NOVELTY OF THE INVENTION CLAIMS
1. - A method for assessing the state of breast cancer, comprising measuring the expression levels in a biological sample of a breast cancer previously obtained from a patient of genes, via a Marker, where the expression levels of the gene above or below the predetermined cut-off levels are indicative of the probability of relapse in the bone.
2. A method for classifying patients with breast cancer, comprising measuring the expression levels in a biological sample of a breast cancer previously obtained from a patient of the genes, via a Marker, where the levels of expression of the gene above or below the predetermined cut levels are indicative of the stage of breast cancer.
3. The method according to claim 2, further characterized in that the step corresponds to the classification by the TNM system.
4. The method according to claim 2, further characterized in that the step corresponds to patients with similar profiles of gene expression.
5. A method for determining the treatment protocol for a patient with breast cancer, comprising measuring the expression levels in a biological sample of a breast cancer previously obtained from a patient of genes, via a Marker, wherein the Gene expression levels above or below the predetermined cut-off levels are sufficiently indicative of risk of relapse in the bone, to allow the physician to determine the degree and type of therapy recommended to prevent or treat relapse in the bone.
6. The method according to claim 1, further characterized in that the preparation of the tissue in bulk is obtained prior to a biopsy or a surgical specimen.
7. The method according to claim 1, further characterized in that the Markers include all those corresponding to SEQ ID NOs: 112-198.
8. The method according to claim 1, 2 or 5, further characterized in that it comprises measuring the level of expression of at least one gene expressed constitutively in the sample.
9. The method according to claim 1, 2 or 5, further characterized in that it comprises determining the state of the estrogen receptor (ER) of the sample.
10. The method according to claim 9, further characterized in that the ER state is determined by measuring the level of expression of at least one gene indicative of the ER status.
11. The method according to claim 10, further characterized in that the state of ER is determined by measuring the presence of ER in the sample.
12. - The method according to claim 11, further characterized in that the presence of ER is measured immunohistochemically.
13. The method according to claim 1, 2 or 5, further characterized in that the sample is obtained previously from a primary tumor.

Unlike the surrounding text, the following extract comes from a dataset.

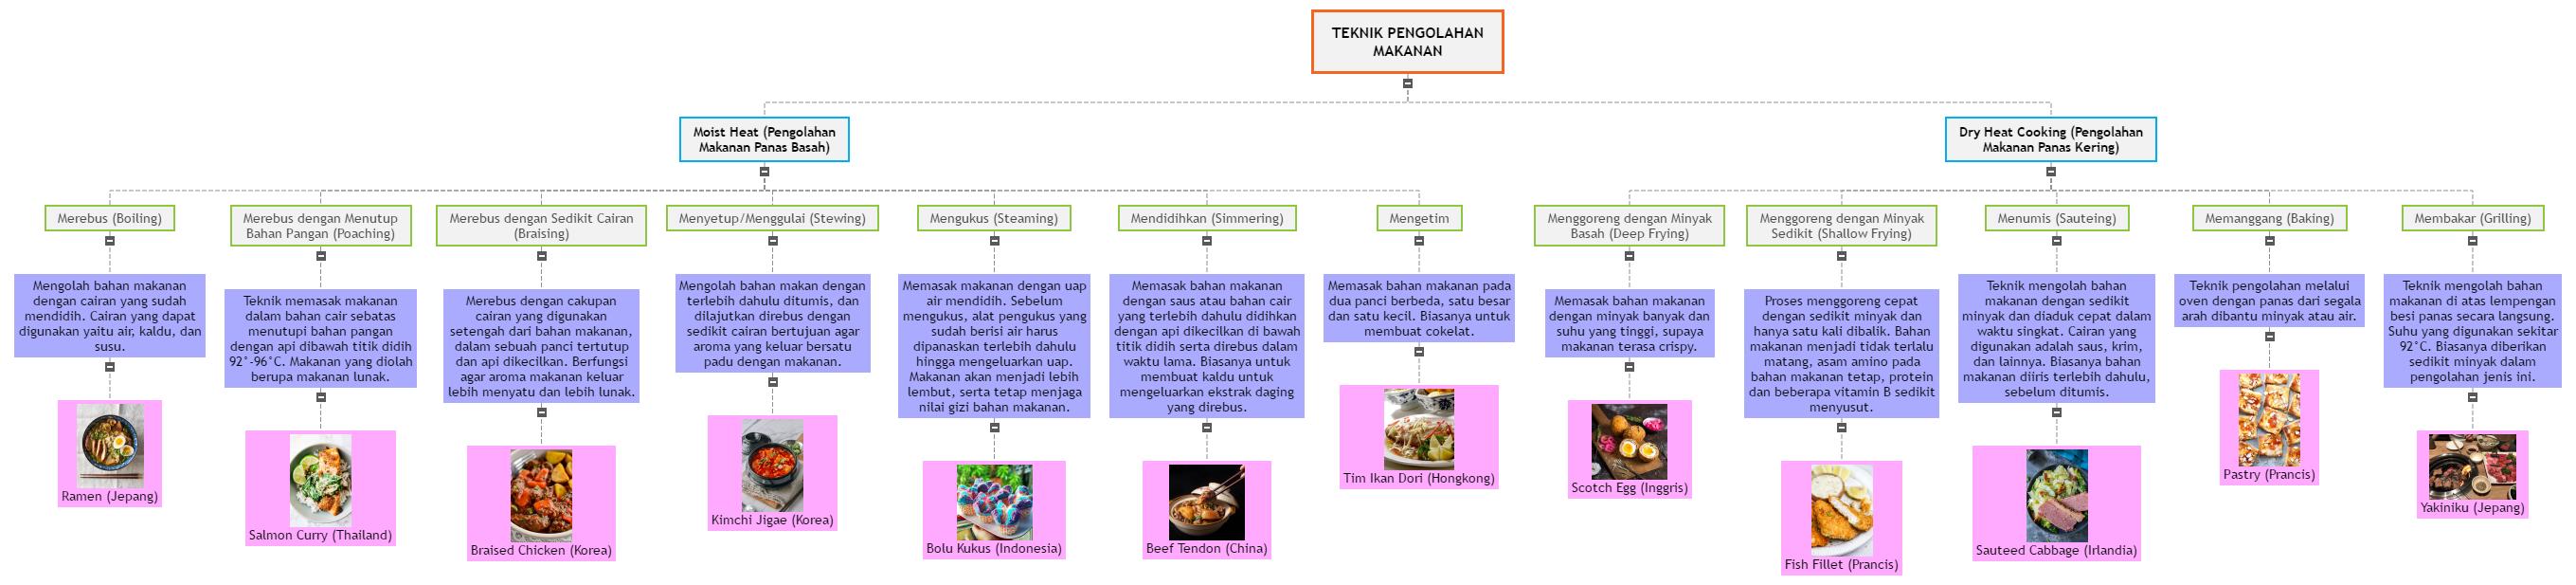 TEKNIK PENGOLAHAN MAKANAN Mind Map

14. The method according to claim 1, 2 or 5, further characterized in that the specificity is at least about 40%.
15. The method according to claim 1, 2 or 5, further characterized in that the sensitivity is at least about 90%.
16. The method according to claim 1, 2 or 5, further characterized in that the expression pattern of the genes is compared with an expression pattern indicative of a patient with breast cancer that falls to the bone.
17. The method according to claim 16, further characterized in that the comparison of expression patterns is performed with pattern recognition methods.
18. The method according to claim 17, further characterized in that the methods of recognition of the pattern includes the use of a qualification of the predictor of bone relapse.
19. The method according to claim 1, 2 or 5, further characterized in that the predetermined cut levels are at least
1. 7 times the envelope or subexpression in the sample relative to the cells or tissues of patients without bone relapse.
20. The method according to claim 1, 2 or 5, further characterized in that the predetermined cut-off values have at least one p value of the statistically significant overexpression in the sample having metastatic cells, relative to the cells or to the tissue of patients without bone relapse.
21. The method according to claim 20, further characterized in that the value of p is less than 0.05.
22. The method according to claim 1, 2 or 5, further characterized in that the expression of the gene is measured in a microarray or microcircuit of genes.
23. The method according to claim 22, further characterized in that the microarray is a cDNA array or an oligonucleotide array.
24. The method according to claim 22, further characterized in that the microarray or gene microcircuit comprises one or more internal control reagents.
25. The method according to claim 1, 2 or 5, further characterized in that the expression of the gene is determined by the amplification of the nucleic acid made by the polymerase chain reaction (PCR) of RNA extracted from the sample.
26. - The method according to claim 25, further characterized in that the PCR is a polymerase chain reaction with reverse transcriptase (RT-PCR).
27. The method according to claim 26, further characterized in that the RT-PCR further comprises one or more internal control reagents.
28. The method according to claim 1, 2 or 5, further characterized in that the expression of the gene is detected by measuring or detecting a protein encoded by the gene.
29. The method according to claim 28, further characterized in that the protein is detected by an antibody specific for the protein.
30. The method according to claim 1, 2 or 5, further characterized in that the expression of the gene is detected by measuring a characteristic of the gene.
31. The method according to claim 30, further characterized in that the measured characteristic is selected from the group consisting of DNA amplification, methylation, mutation and allelic variation.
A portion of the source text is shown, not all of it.